New Report Finds China Lab Leak Most Likely Source Of Covid Pandemic

Scientists at the Wuhan Institute of Virology spent more than 10 years researching SARS-like viruses to understand how they infect humans.

AP/Ng Han Guan, file
Security personnel at the entrance of the Wuhan Institute of Virology at Wuhan, China in 2021. AP/Ng Han Guan, file

A new report contends that Covid-19 most likely leaked from a Chinese lab, with America partly responsible for funding high-risk research on infectious viruses at a facility with insufficient safety measures.

The analysis, conducted by a molecular biologist at Harvard and MIT, Alina Chan, was published as a guest essay in the New York Times on Sunday. The report came before Dr. Anthony Fauci was set to testify before a House panel regarding his support for research at the Wuhan Institute of Virology.

Ms. Chan, who has been an advocate for further investigation into the “lab leak theory,” said that partisan politics have hindered efforts to uncover the truth about the origins of the pandemic.

If the theory proves accurate, the global pandemic, which has claimed around 1 million lives in the US and at least 25 million worldwide, could be considered the most significant accident in the history of science, according to Ms. Chan, co-author of “Viral: The Search for the Origin of Covid-19.”

Her findings suggest that the virus originated in China, was intensified for maximum infectiousness with the assistance of the American government, and eventually escaped due to inadequate containment protocols.

Scientists at the Wuhan Institute of Virology, led by Dr. Shi Zhengli, spent more than 10 years researching SARS-like viruses to understand how they infect humans. Their research identified that SARS-CoV-2, the virus responsible for the pandemic, existed in bats located approximately 1,000 miles away from Wuhan.

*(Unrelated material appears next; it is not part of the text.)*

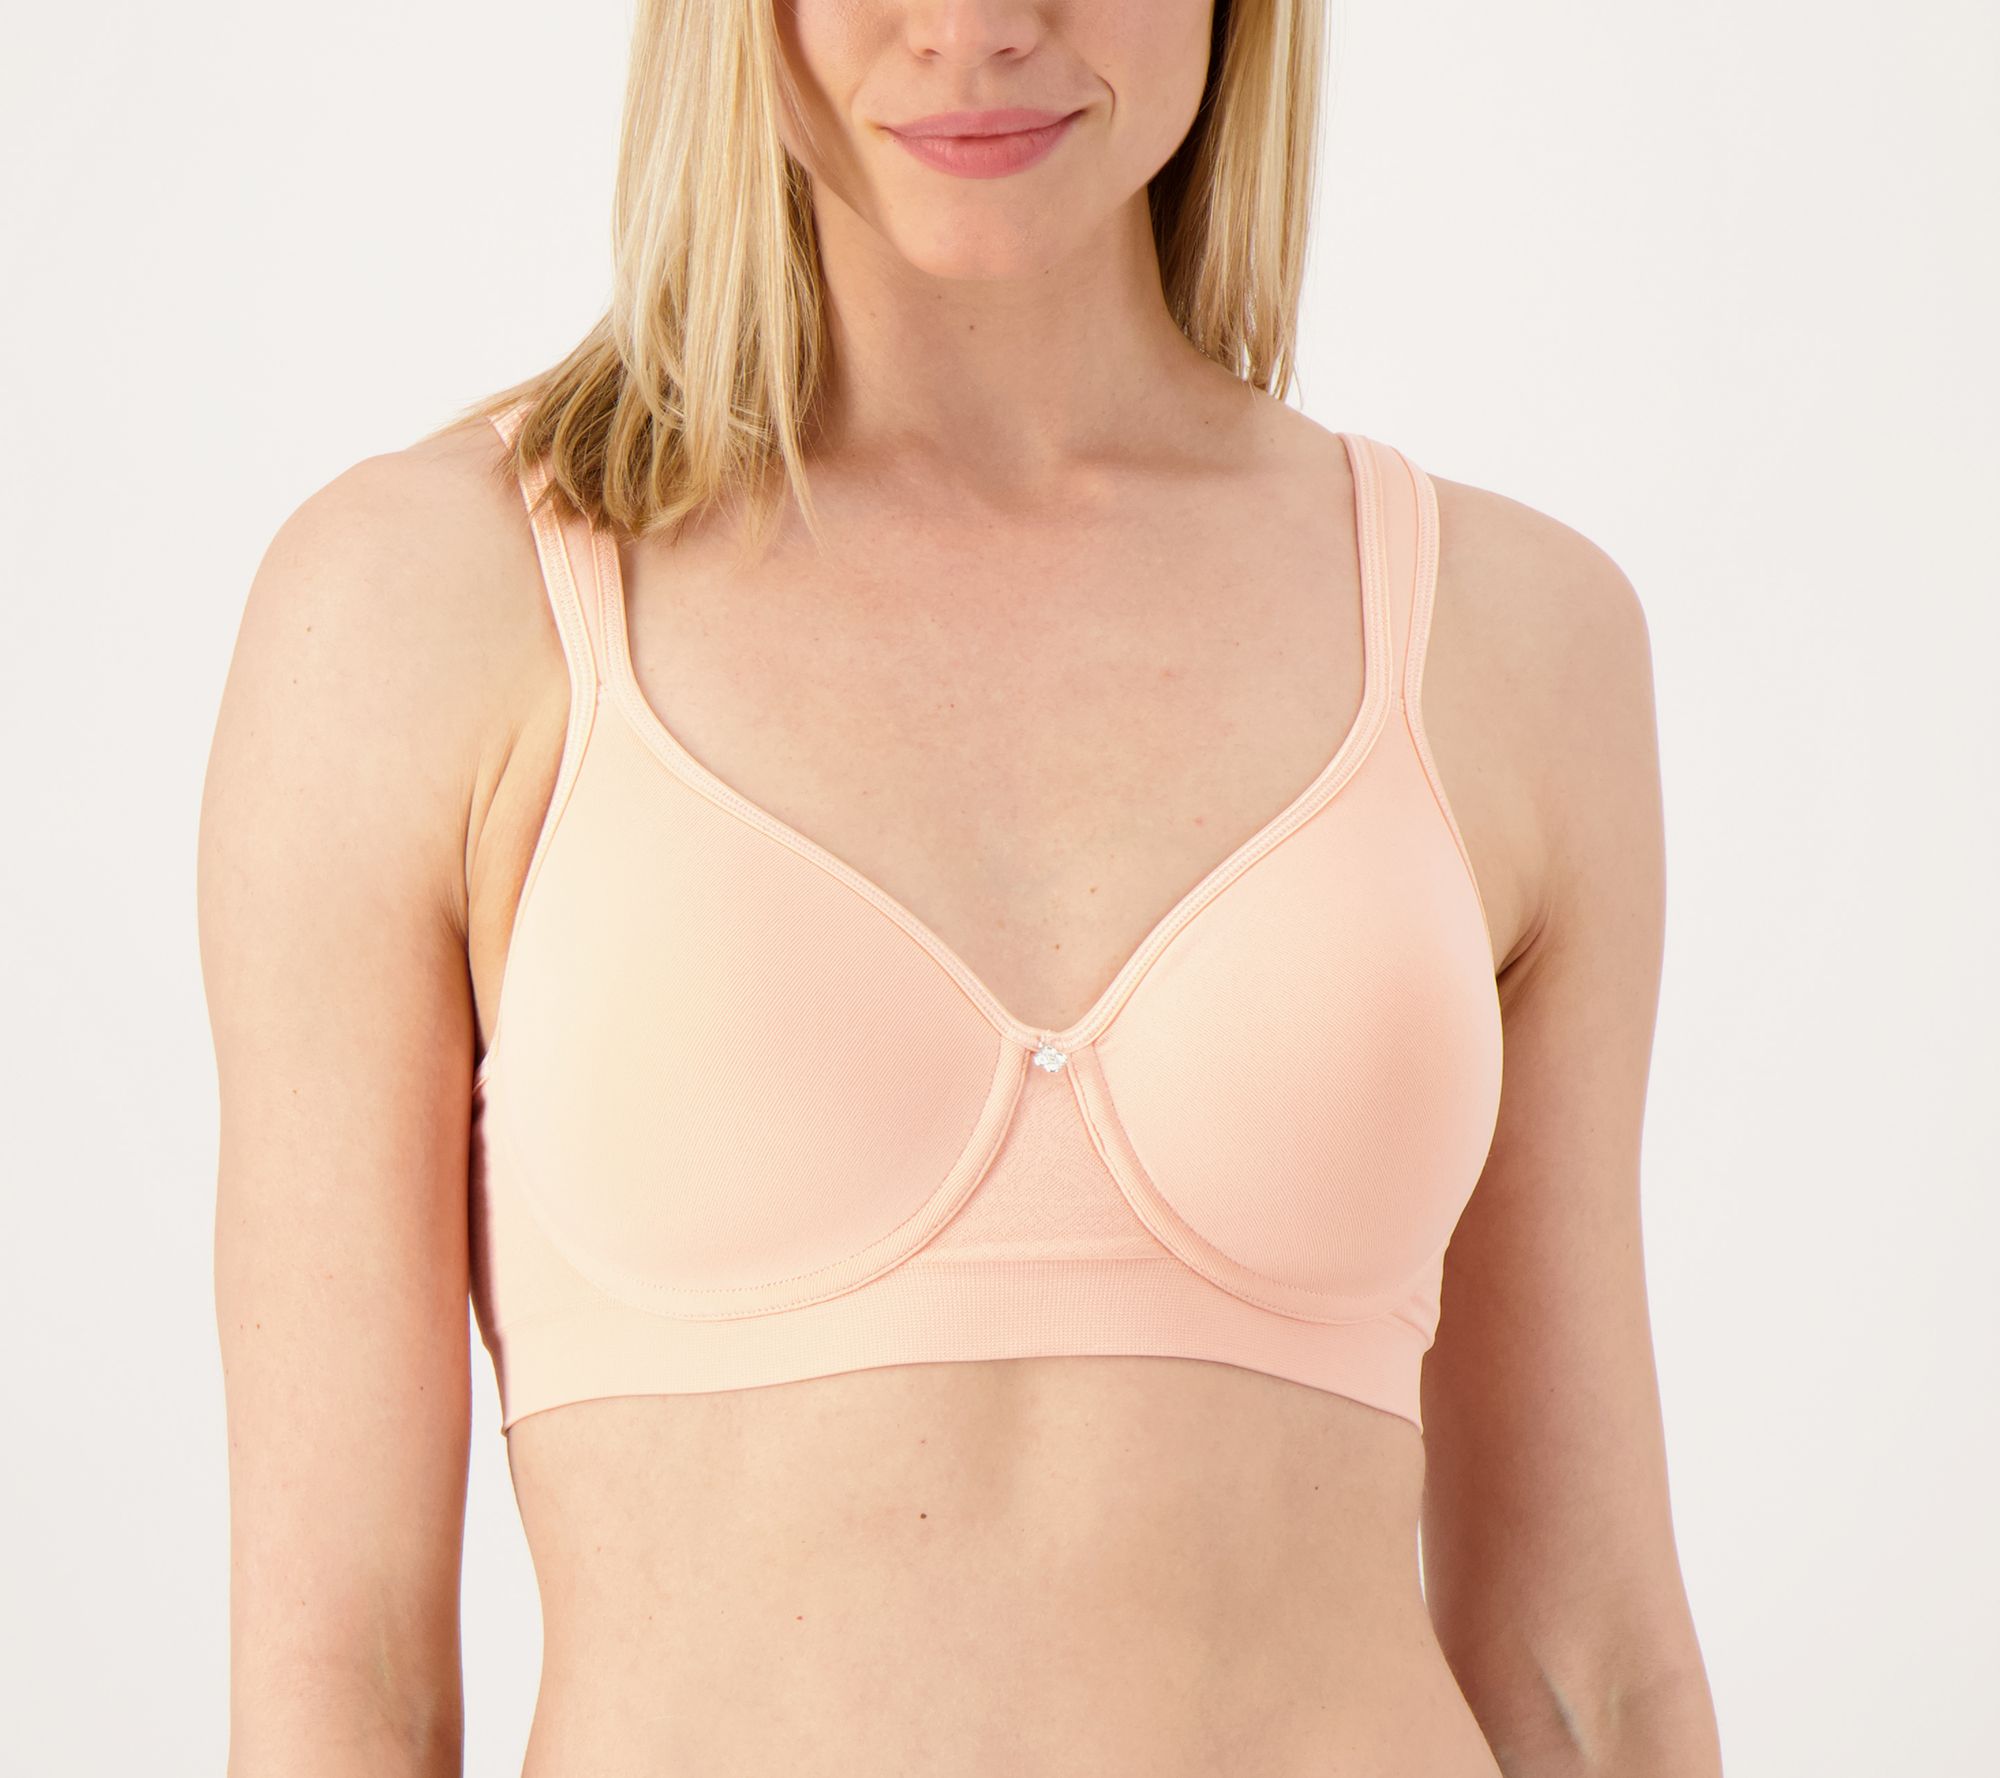 Breezies Lace Unlined Underwire Support Bra - QVC.com

Dr. Shi’s team made several trips to southwestern China and Laos to collect virus samples, which traveled through numerous populous cities on their way back to the Wuhan lab.

Despite the virus’s high contagion rate, no trace of infection was found along the 1,000-mile route, Ms. Chan reported. Her research also dismissed an early theory that the virus had spread globally via a seafood market at Wuhan, where exotic animals were sold for consumption.